NeuroAI and Beyond: Bridging Between Advances in Neuroscience and Artificial Intelligence
Summary: arXiv:2604.18637v1 Announce Type: cross
Abstract
Neuroscience and Artificial Intelligence (AI) have made impressive progress in recent years but remain only loosely interconnected. Based on a workshop convened by the National Science Foundation in August 2025, we identify three fundamental capability gaps in current AI: the inability to interact with the physical world, inadequate learning that produces brittle systems, and unsustainable energy and data inefficiency. We describe the neuroscience principles that address each: co-design of body and controller, prediction through interaction, multi-scale learning with neuromodulatory control, hierarchical distributed architectures, and sparse event-driven computation. We present a research roadmap organized around these principles at near, mid, and long-term horizons. We argue that realizing this program requires a new generation of researchers trained across the boundary between neuroscience and engineering, and describe the institutional conditions: interdisciplinary training, hardware access, community standards, and ethics, needed to support them. We conclude that NeuroAI, neuroscience-informed artificial intelligence, has the potential to overcome limitations of current AI while deepening our understanding of biological neural computation.
The Need for Integration
As the fields of neuroscience and artificial intelligence continue to evolve, the integration of these domains has become increasingly crucial. Despite significant advancements in both fields, the synergies that could be derived from their intersection remain largely untapped.

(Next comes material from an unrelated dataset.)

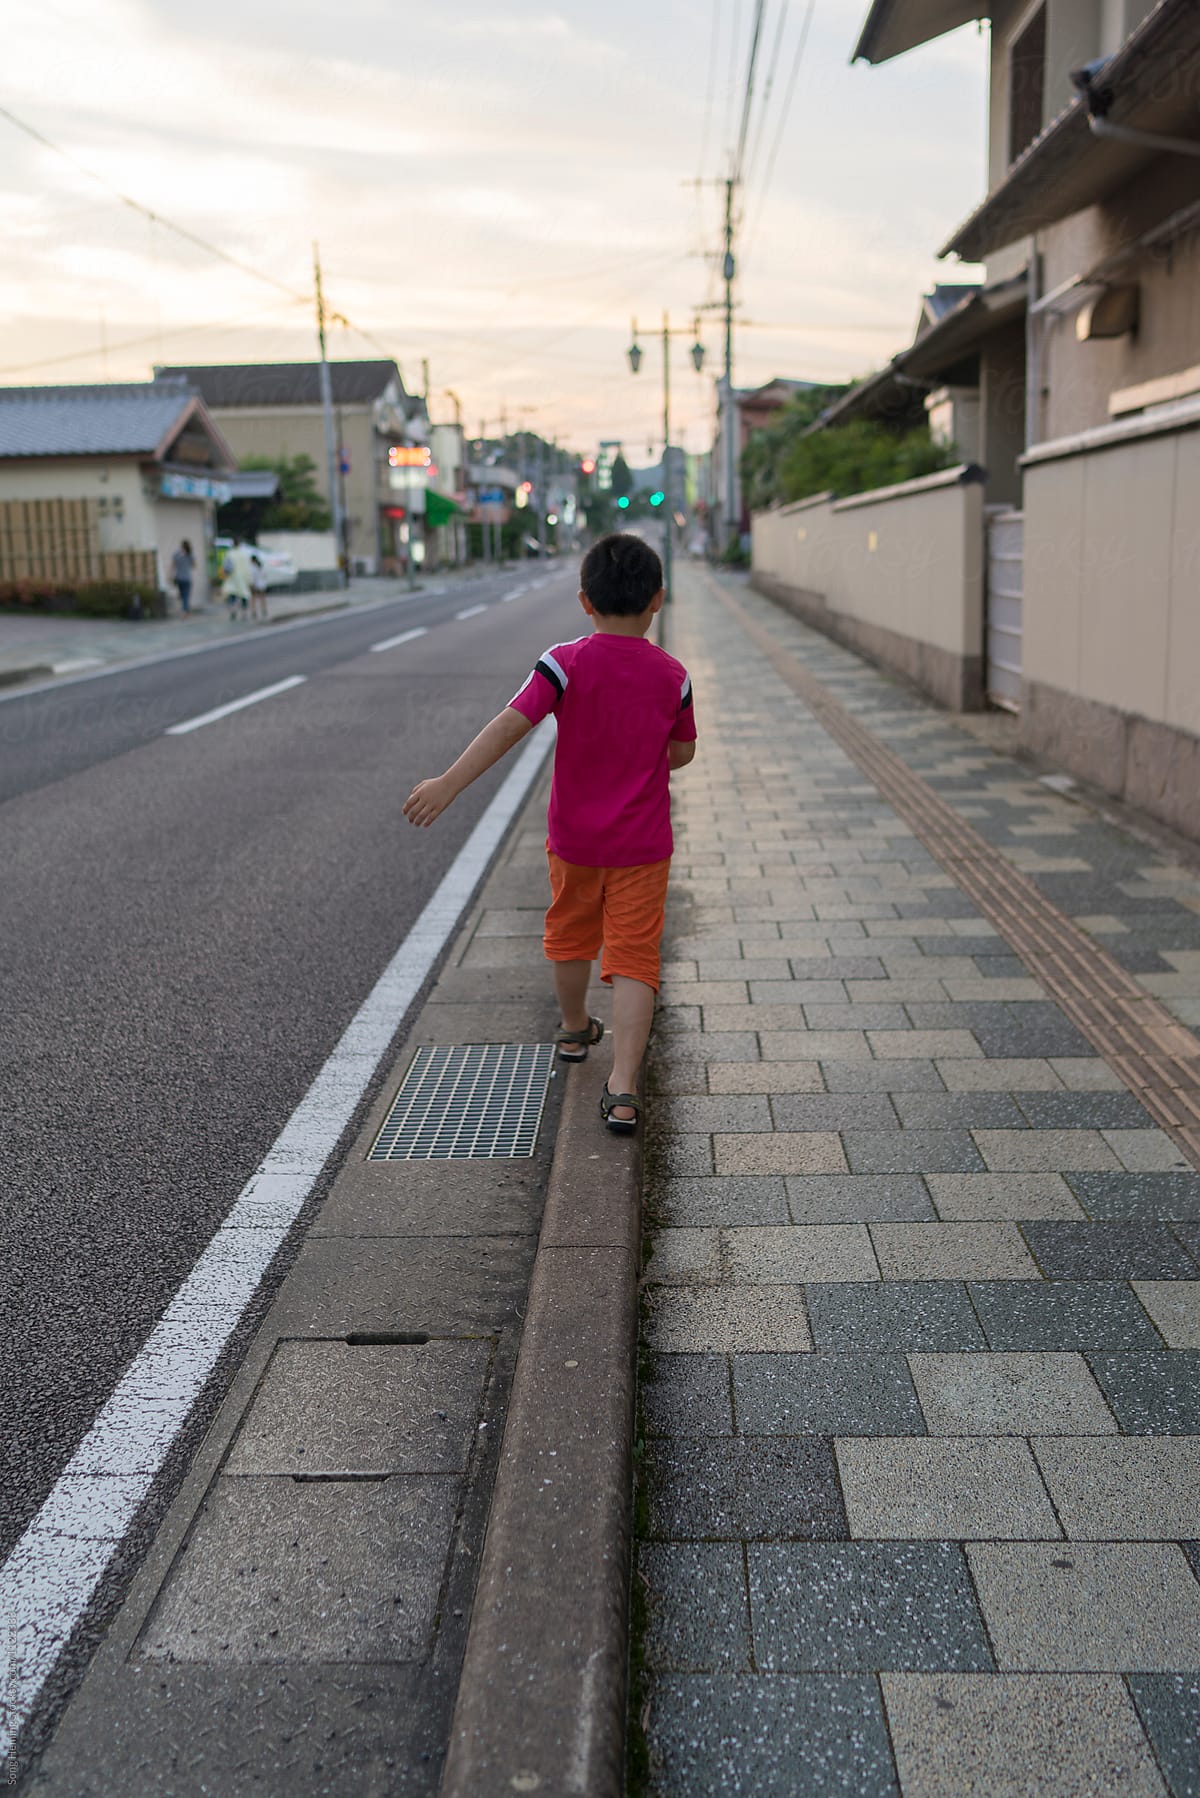 Boy walking in balance on road

The workshop convened by the National Science Foundation highlights the pressing need to bridge this gap to enhance AI systems.
Identifying Capability Gaps
Three primary capability gaps were identified in current AI technologies:
- Inability to Interact with the Physical World: Current AI systems often function in isolated environments, lacking the ability to adapt and respond to real-world dynamics.
- Brittle Learning Systems: Many AI models struggle with generalization, leading to performance issues when faced with novel situations.
- Energy and Data Inefficiency: The demand for vast amounts of data and energy consumption in training AI systems is unsustainable.
Neuroscience Principles to Address Gaps
To address these challenges, several neuroscience principles have emerged as potential solutions:
- Co-design of Body and Controller: Developing AI systems that can physically interact with their environment, akin to biological organisms.
- Prediction through Interaction: Utilizing predictive models that learn from real-time interactions to enhance decision-making processes.
- Multi-scale Learning with Neuromodulatory Control: Implementing learning mechanisms that mimic biological neural processes, allowing for adaptability and resilience.
- Hierarchical Distributed Architectures: Creating networks that replicate the structure of biological brains, promoting efficient information processing.
- Sparse Event-driven Computation: Reducing energy consumption by mimicking the event-driven nature of neural communication.
A Roadmap for the Future
The workshop proposes a comprehensive research roadmap structured around these principles. This roadmap is categorized into near, mid, and long-term goals, each aimed at progressively addressing the identified capability gaps. Achieving these objectives hinges on fostering a new generation of researchers equipped with interdisciplinary training that spans both neuroscience and engineering.
Conclusion
In conclusion, the concept of NeuroAI presents a promising avenue for overcoming the limitations of current AI systems. By harnessing insights from neuroscience, we can not only enhance the capabilities of artificial intelligence but also deepen our understanding of biological neural computation. The successful realization of this vision will depend on the establishment of supportive institutional frameworks that promote interdisciplinary collaboration, ethical standards, and access to necessary resources.